We are also expanding the remit of these clinics to help women with symptoms of perimenopause and menopause. Again, they're not optional parts of a woman's life journey at all. Any woman fortunate enough to reach midlife will go through menopause. So that we simply haven't had appropriate care for women in this stage of life is nonsense. It is not optional for women; good-quality health care and treatment for menopause should not be optional either.
We are determined to build a stronger, fairer healthcare system—one that does not dismiss women's pain, but responds to it with compassion, expertise and the time women need with their GPs. We're strengthening Medicare with real, lasting support for women's health. I am extraordinarily proud of this work and have been extraordinarily proud to advocate for it.
We're also making medicines cheaper than ever before by cutting the maximum PBS co-payment to $25 and expanding 60-day dispensing. We know Australians have saved over $1 billion on scripts under the Albanese Labor government. This is a key cost-of-living measure. We don't want a single Australian to forgo medicine that they need because they cannot afford it, and we know this has happened. Having already slashed the cost of medicine, with the largest cut to the cost of medicines in the history of the PBS in 2023, we are going further. This represents a more than 20 per cent cut in the maximum cost of PBS medicines, which will save Australians over $200 million each year—again, delivering real cost-of-living relief for Australians. We are also investing to protect the next generation of Australians from harm, with world-leading vaping reforms and a $350 million crackdown on illegal tobacco, supporting our health and law enforcement agencies.

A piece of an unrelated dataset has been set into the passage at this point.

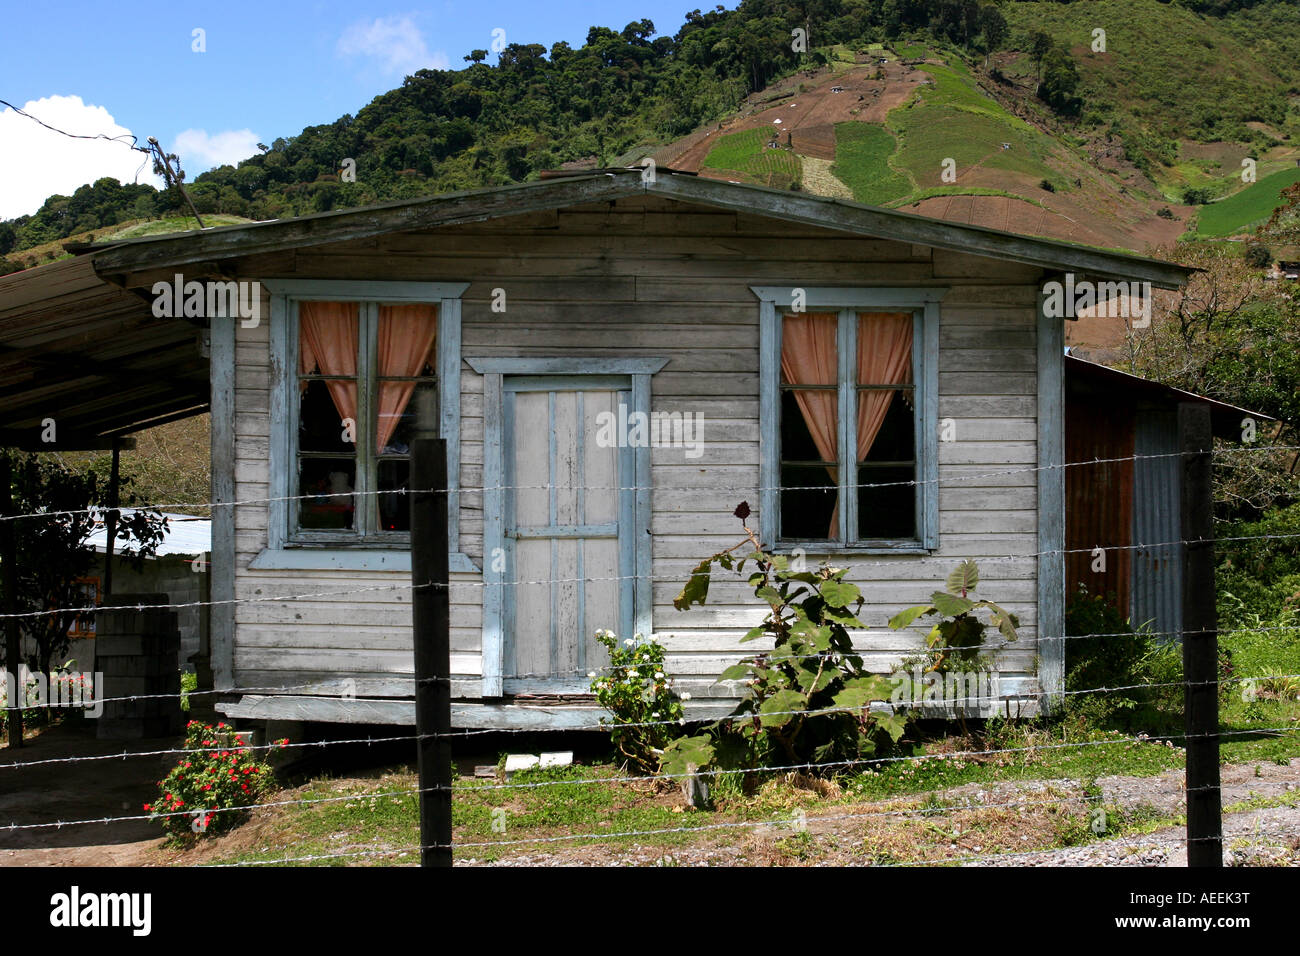 Les travailleurs pauvres (une maison) trouvés dans les montagnes où l'agriculture est le seul moyen de vie, Cerro Punta, Chiriqui, au Panama. Banque D'Images

Finally, we are delivering an extra $1.8 billion to public hospitals next year, bringing our Commonwealth contribution to a record $33.9 billion in 2025-26, and there are further long-term reforms underway. This one-year agreement means Australians will benefit from better funded public hospitals as cooperation builds on long-term, sustainable health-system reform.
From doctors and nurses to public hospitals and urgent care, and from integrity in the system and compliance to cheaper medicines, our government is working to strengthen every part of Medicare. This is what Labor does. We created Medicare. It is part of our legacy, and only a Labor government will continue to protect and strengthen it. This is in stark contrast to the Liberals and the coalition government, who previously cut $50 billion from public hospitals and froze the Medicare rebate. We are building a system which supports Australians with the cost of their health care and which makes sure women's voices are heard—which doesn't dismiss their pain, but actually funds women's health properly and takes these issues seriously.
We are investing in Medicare, but we are also doing what we need to do to strengthen the integrity of it. It is too important for Australians not to, and I commend the Health Legislation Amendment (Improved Medicare Integrity and Other Measures) Bill 2025 to the Senate.